Улица вела вниз, к струящимся светом универмагам и кафе, в одном из которых он собирался поужинать пиццей или суши. В супермаркете купить колбасы и майонеза на завтрак – мама не заходила к нему с прошлой пятницы, и холодильник был пуст. Не забыть о хлебе. Потом десять минут на трамвае либо полчаса пешком. Он ведь настоящий счастливчик – жить в получасе ходьбы от работы, шутка ли, разве этого мало для счастья? – напоминал себе. К тому же имея машину на случай ливня.
С другой стороны улица загибалась, темнела и поднималась к площадке, на которой выстраивались в очередь маршрутки в ожидании менее счастливых людей, или выстраивались люди в ожидании несчастливых маршруток. Туда ему не нужно было, но именно туда он шел, резко отдергивая ото рта сигарету.
Он не ездил на маршрутках давно. (Да и на недавно приобретенной «Мазде» не слишком часто – маму в театр, в гости или к врачу. До трамвая ближе, чем до парковки.)
Сам хотел бы верить в то, что его «давно» – искреннее, естественное и уверенное, означает полгода, два года или, например, пятьдесят лет, однако его хиленькое «давно» означало всего лишь несколько недель. Несколько недель не садился он в тесные микроавтобусы, с тех пор как понял, что нужно бросить, всё бросить… На первых порах получалось. Было много работы. Дома что-то читал, большей частью техническое, или смотрел телевизор. И выходные как-то удавалось пережить.

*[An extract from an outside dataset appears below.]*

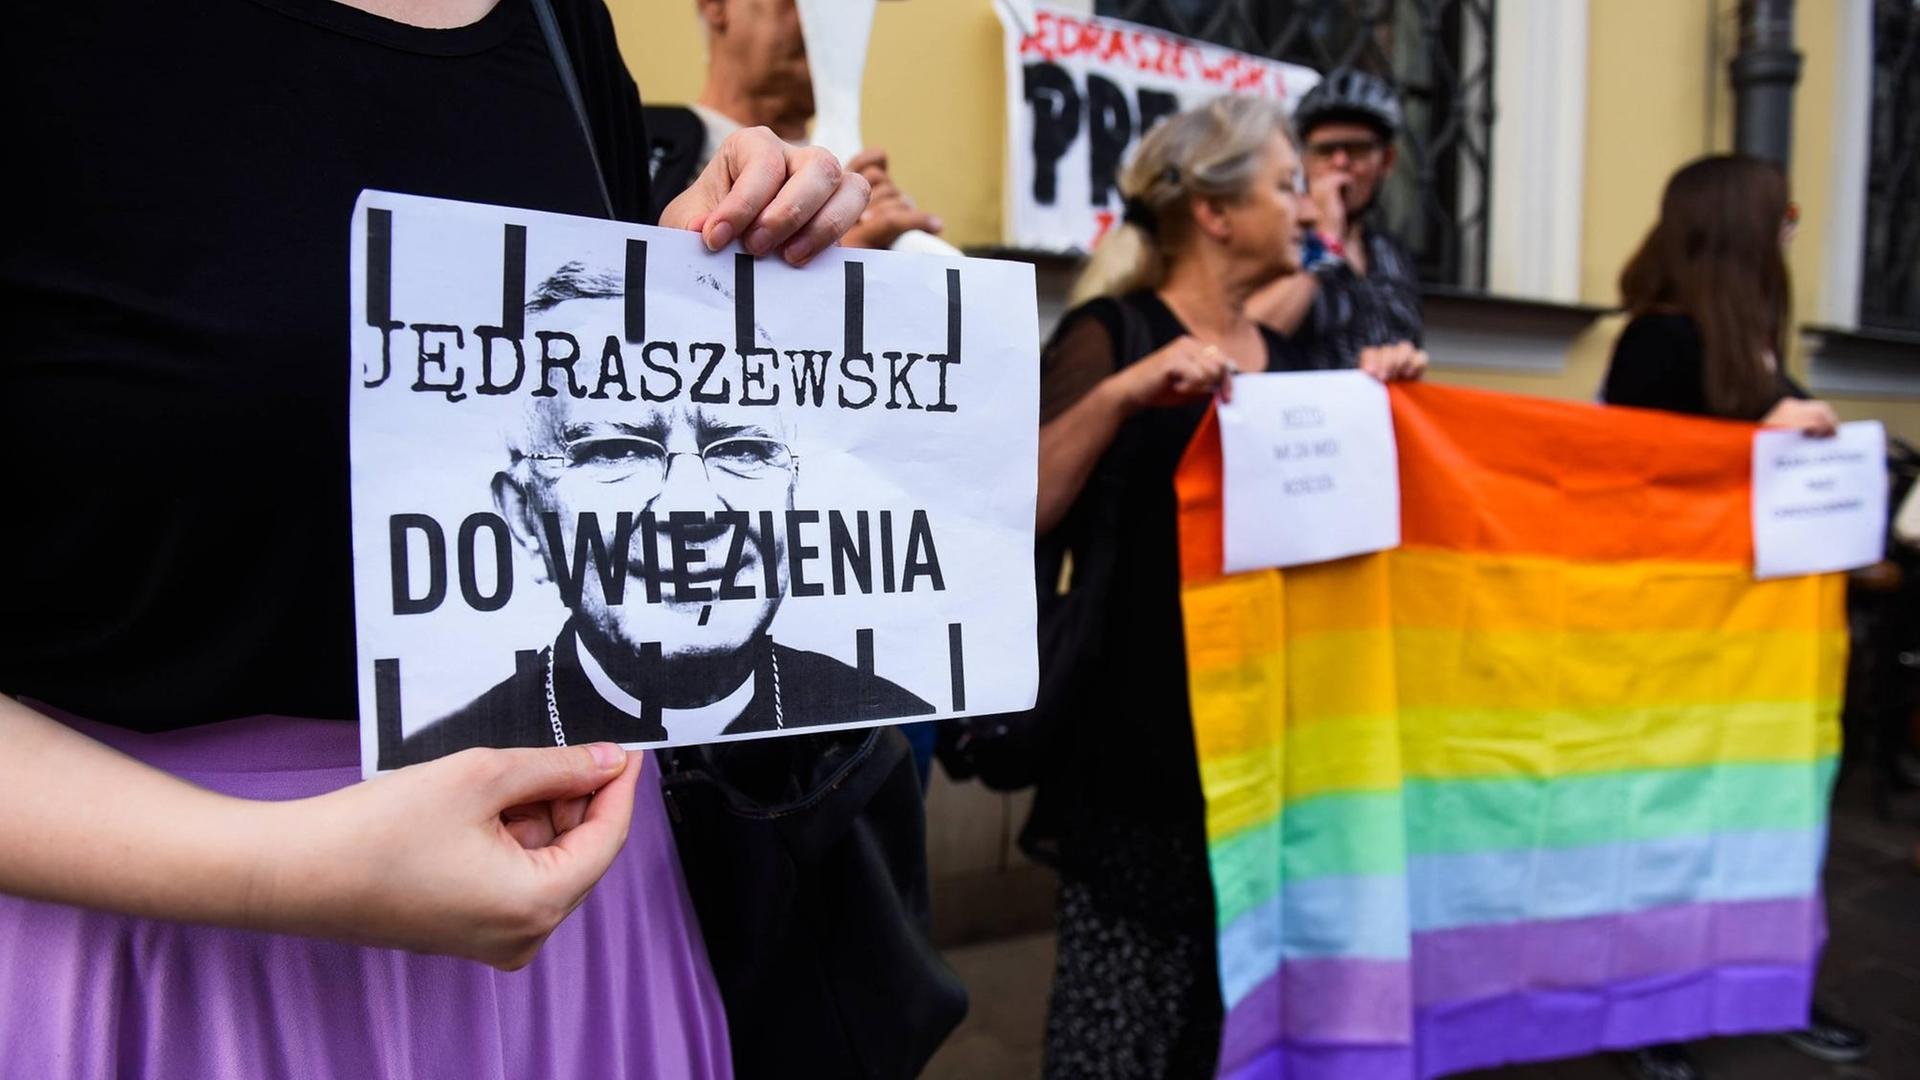 Eine Frau hält bei einer Demonstration in Krakau am 4. August 2019 ein Plakat, auf dem steht: "Jedraszewski ins Gefängnis". Menschen neben ihr halten eine Regenbogenfahne in die Höhe. Der Protest richtet sich gegen den Erzbischof von Krakau, Marek Jedraszewski, der die polnische LGBT-Bewegung mit einer Seuche verglichen hatte.

Швырнул окурок на асфальт, затушил, наступив.
Николай проходил мимо белых и желтых микроавтобусов с номерами, с названиями отдаленных районов и загородных поселков. Остановился возле одного, с поцарапанным боком. В горле стал ком – пока что можно уйти. И забыть. Номер на табличке неразборчив из-за грязного стекла, название улицы размыто. Боковым зрением: сидящие внутри люди, одна с сумкой смотрит в окно, один в наушниках смотрит в мобильный, ждут привычно, когда заполнится салон. Интересно, куда они едут. Они знают, куда они едут? Николай сел на одиночное сиденье справа.
– Да поехали уже! – тянули сзади.
Водитель обернулся лишь на второй раз. Еще два места. Один глаз водителя распух – ячмень, второй смотрел остро. Никто, кроме Николая, не обращал на него внимания, Николай же не мог понять, это тот же или другой. Всегда один водитель или разные.
Вспомнил, как впервые сел в этот желтый микроавтобус, в домаздовую эпоху, к кому-то из троюродных на день рождения (путался с именем, в лицо не помнил), по маминой огромной просьбе. Мама до сих пор припоминала ему эту неявку.
Машина тронулась, сначала проехали через весь центр. Цветными пятнами сквозь грязь стекла мелькали вывески магазинов и окна, мигала реклама. Стояли на светофорах, шумно трогались. Потом улицы стали тише, и, когда машина подъехала к одичавшему парку-лесочку, Николай почти лежал виском на стекле, ударяясь на ухабинах. Здесь окна и огни прерывались, дорога шла вперед через темноту, как между двух темных стен. И только где-то вдали, у горизонта, снова начинались окна и огни. Он дремал, но какая-то часть сознания оставалась ясной, помнила, что дрема накатывает всегда именно в этом месте – там, где обрывался город, и что никогда не доедет он до дальних огней (поселок городского типа? частный сектор? дачи?). Та часть сознания, которая вечно следит. Которая не должна была допустить, чтобы он прервал период абстиненции, но сама давно подчинилась жадному желанию. Доедут ли другие пассажиры? И куда? Он будет долго ехать к этим огням, в темноте, в пустой дреме. Но он достигнет Норы.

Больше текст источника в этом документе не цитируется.